(WHAT TO PRODUCE): Begin at the line below that has "Taschenuhr/Anhängeuhr: feine Damenuhr". Stop after the line that has "W tym roku Wienerberger", repeating each line exactly and leaving out the pictures.

(RECORDS):
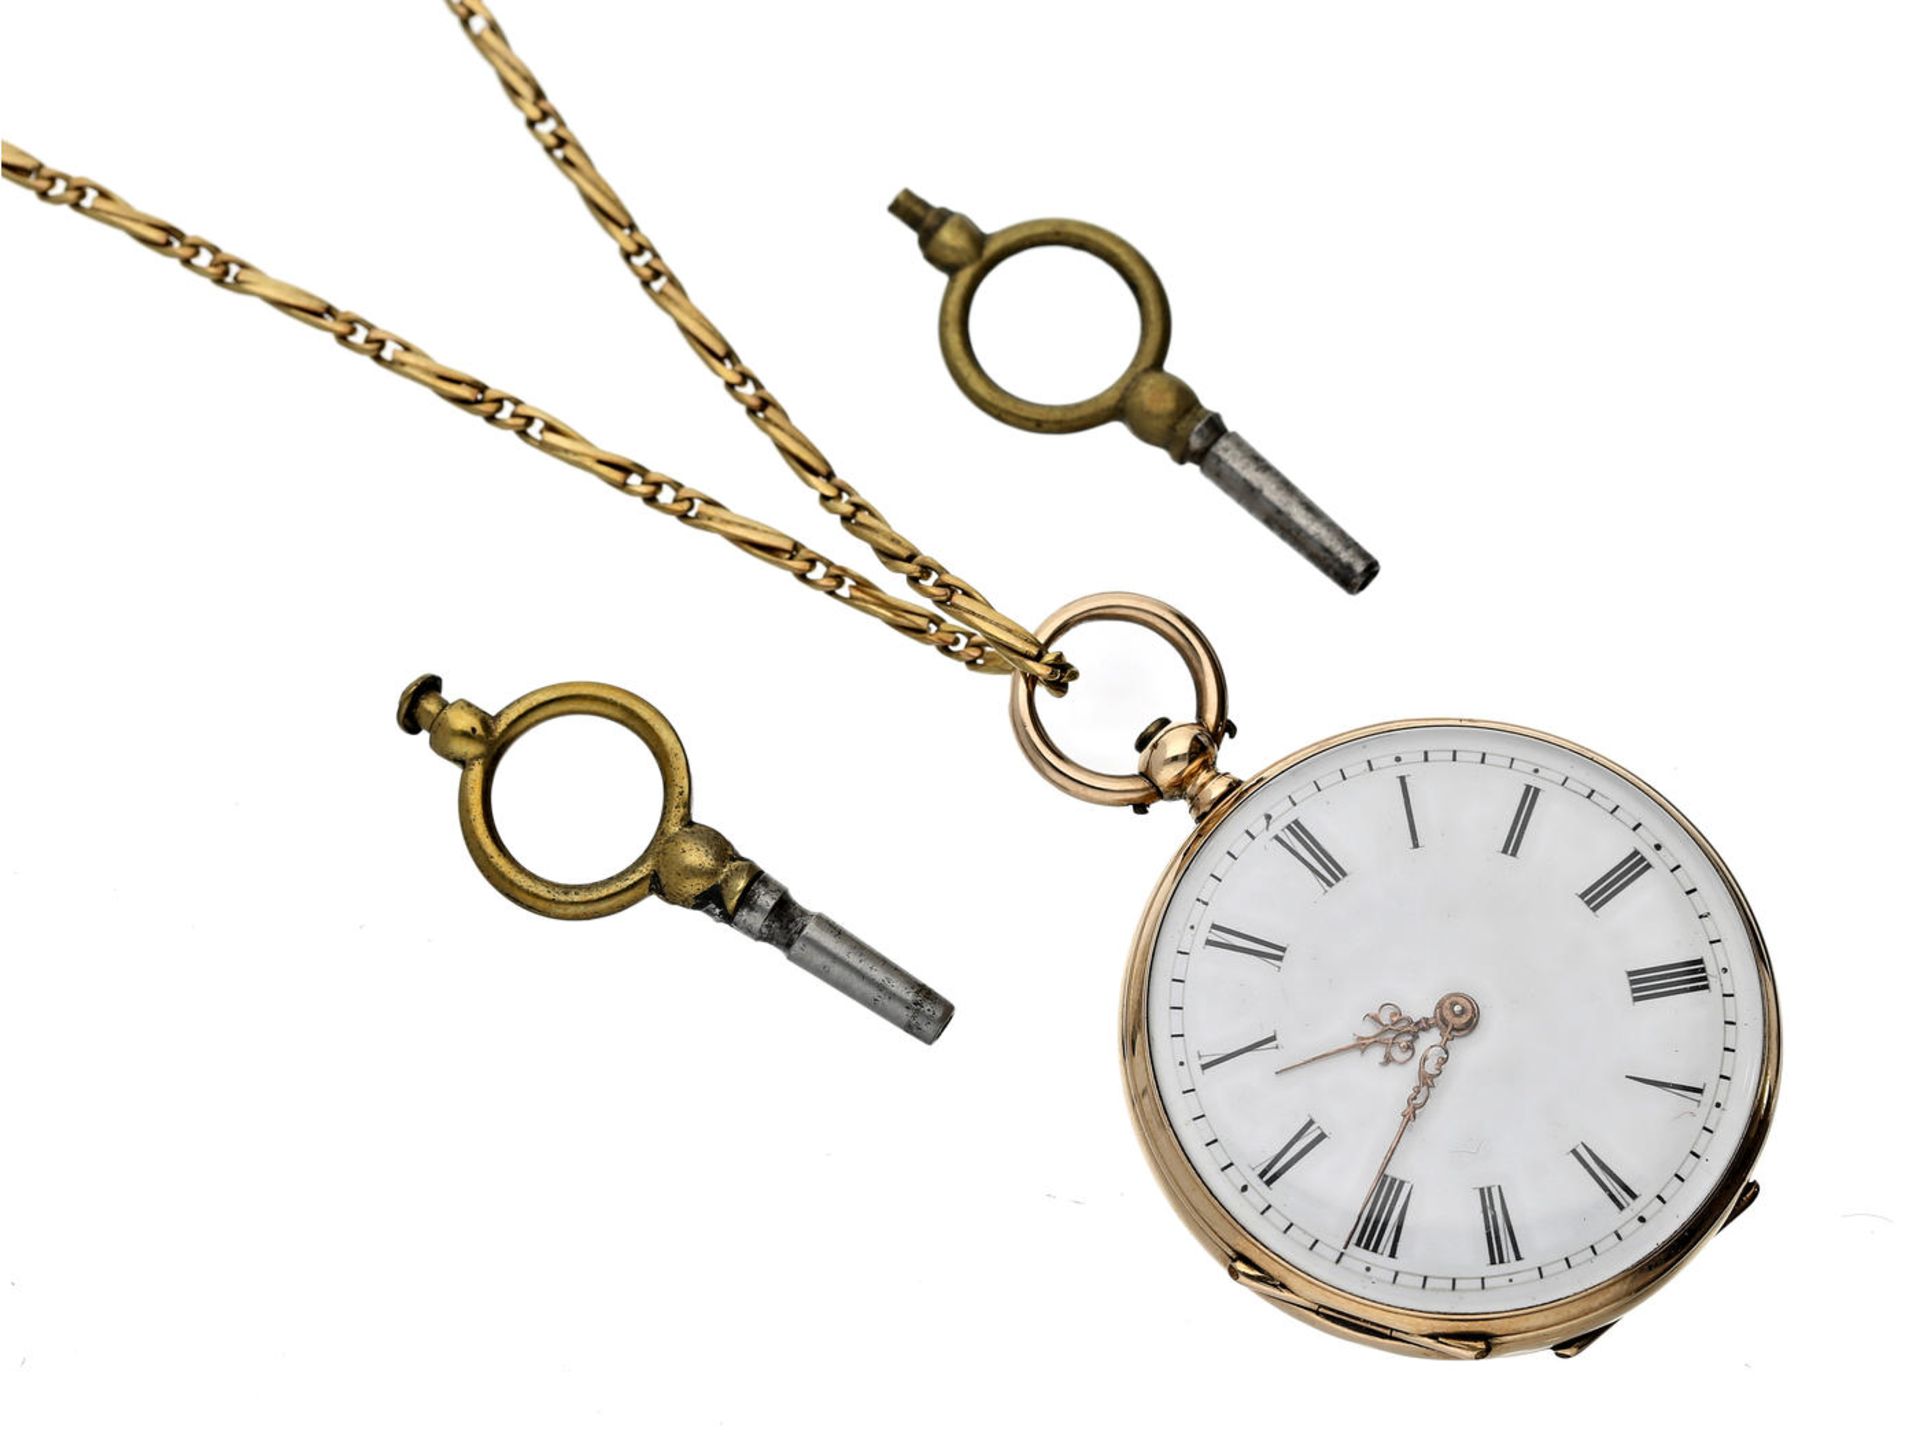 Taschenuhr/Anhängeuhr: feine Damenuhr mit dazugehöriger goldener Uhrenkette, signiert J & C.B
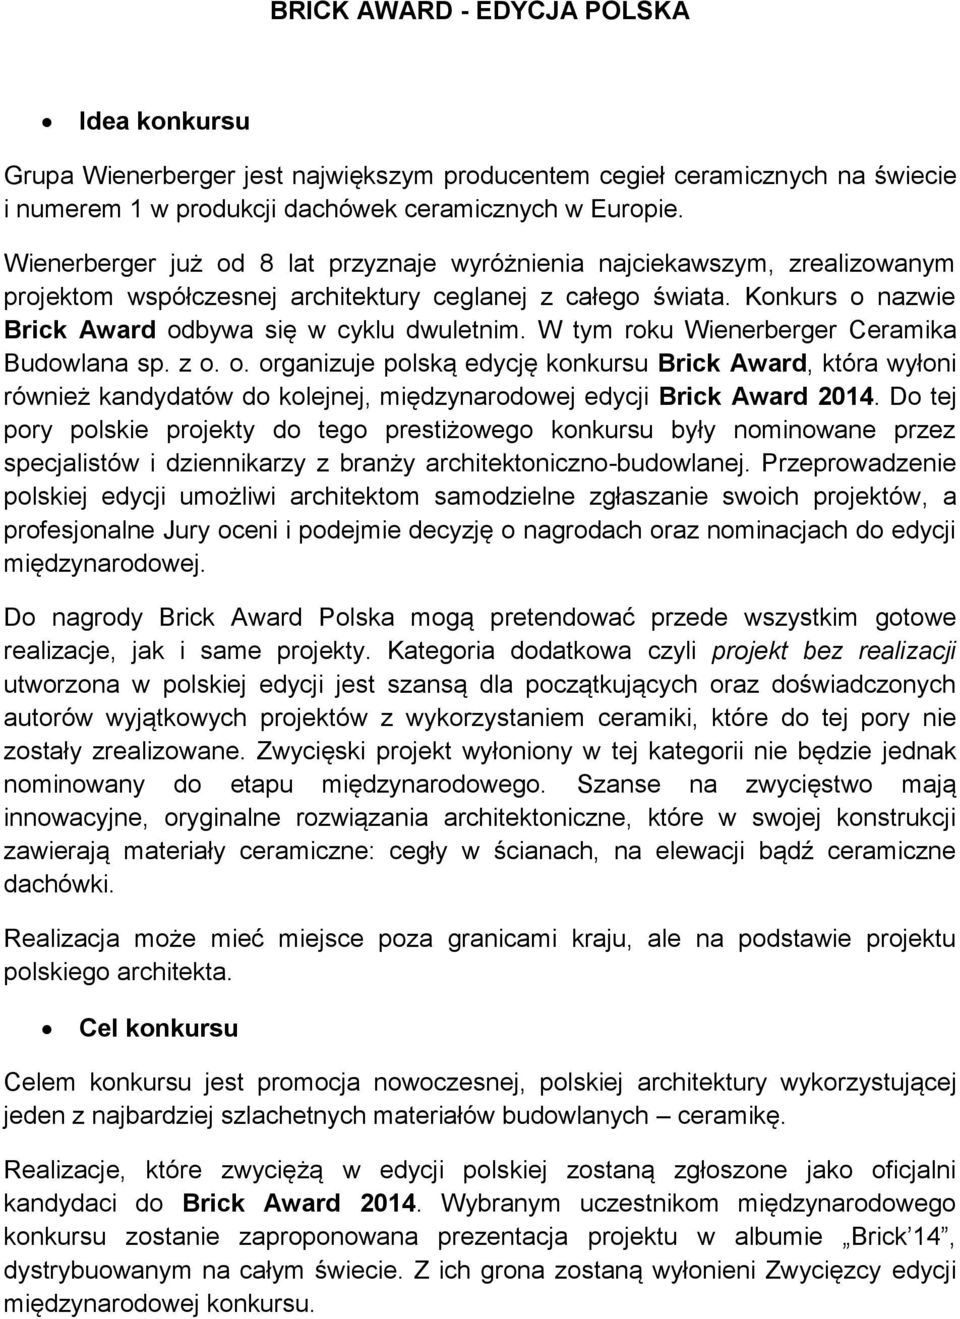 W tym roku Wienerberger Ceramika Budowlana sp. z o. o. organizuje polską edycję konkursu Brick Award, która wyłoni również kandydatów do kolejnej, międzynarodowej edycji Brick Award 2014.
* * *
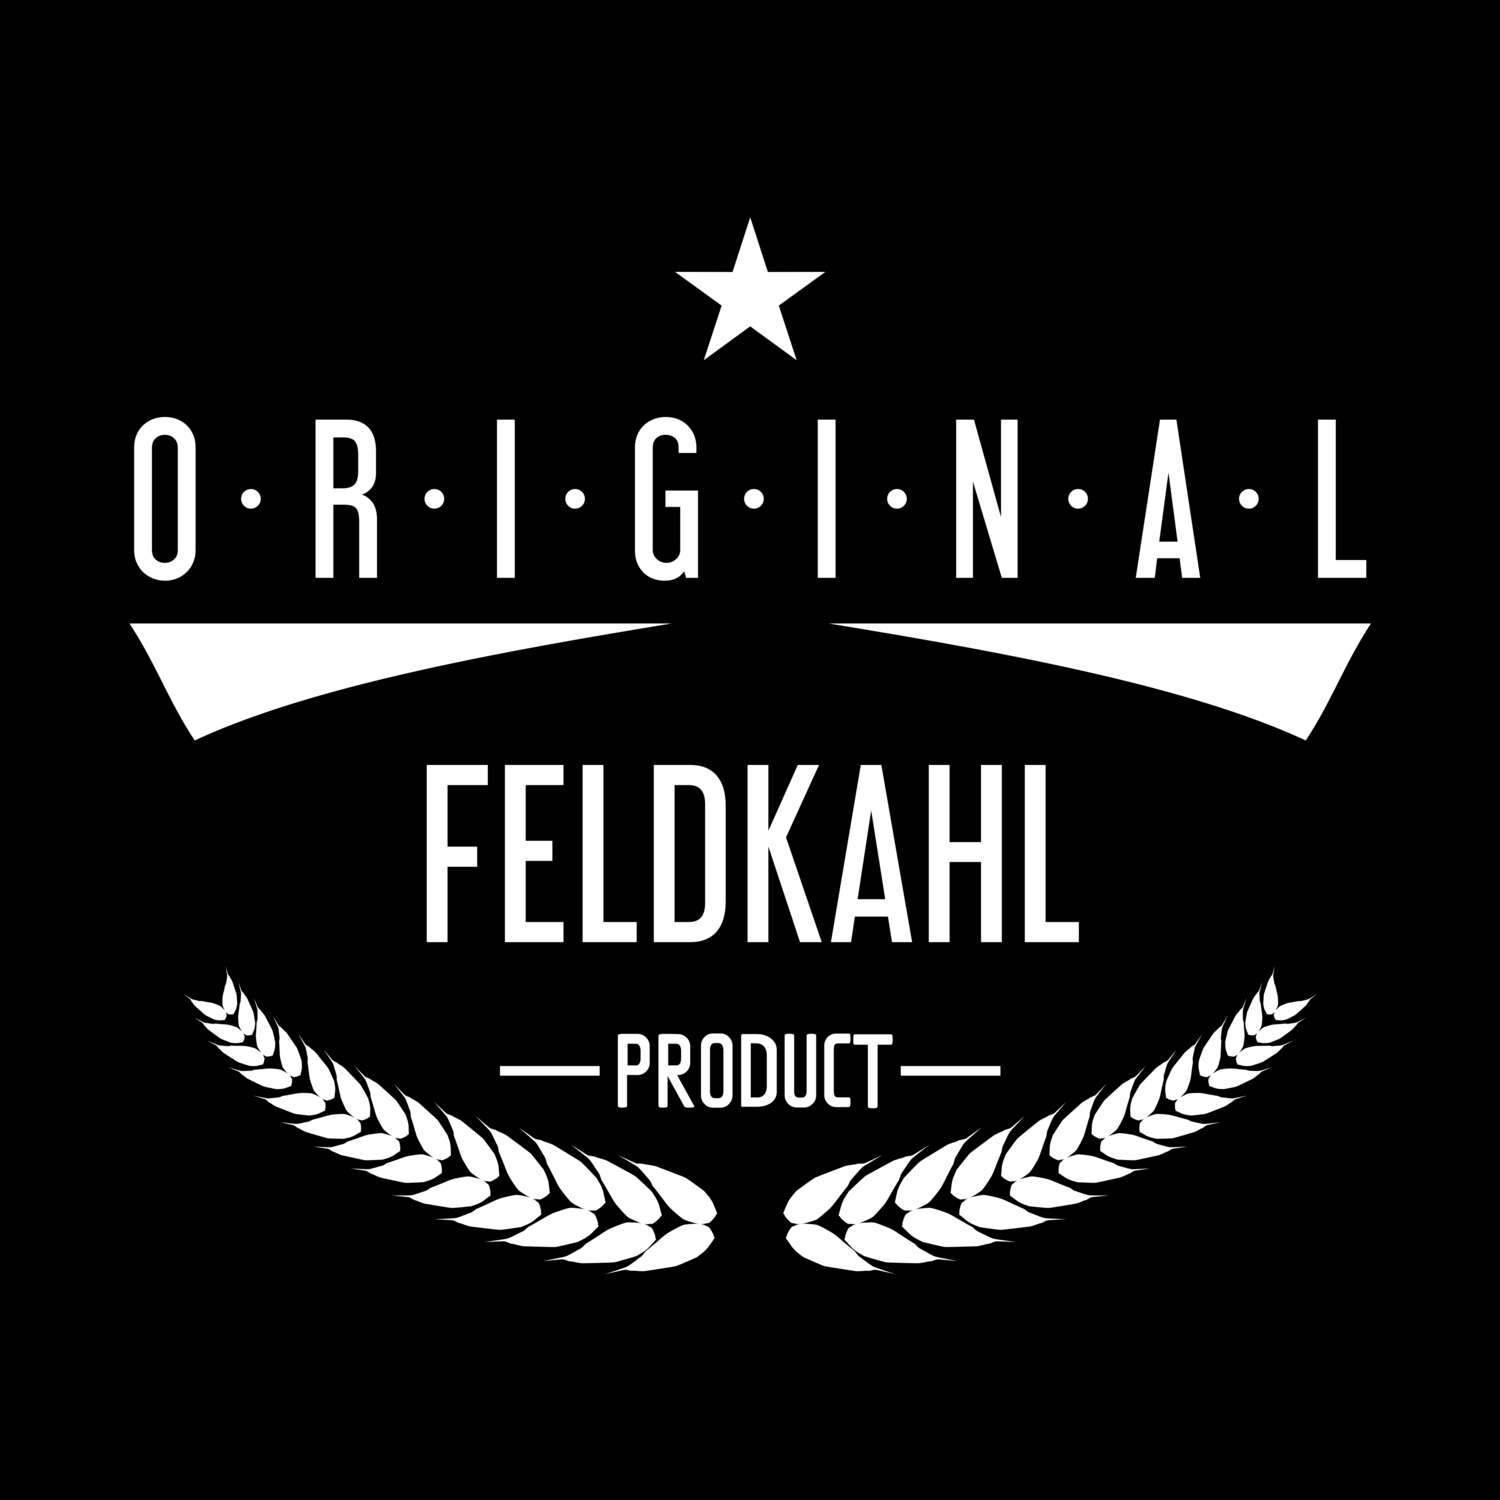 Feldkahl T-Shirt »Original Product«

(EXERCISE SOLUTION):
 Taschenuhr/Anhängeuhr: feine Damenuhr mit dazugehöriger goldener Uhrenkette, signiert J & C.B
 W tym roku Wienerberger Ceramika Budowlana sp. z o. o. organizuje polską edycję konkursu Brick Award, która wyłoni również kandydatów do kolejnej, międzynarodowej edycji Brick Award 2014.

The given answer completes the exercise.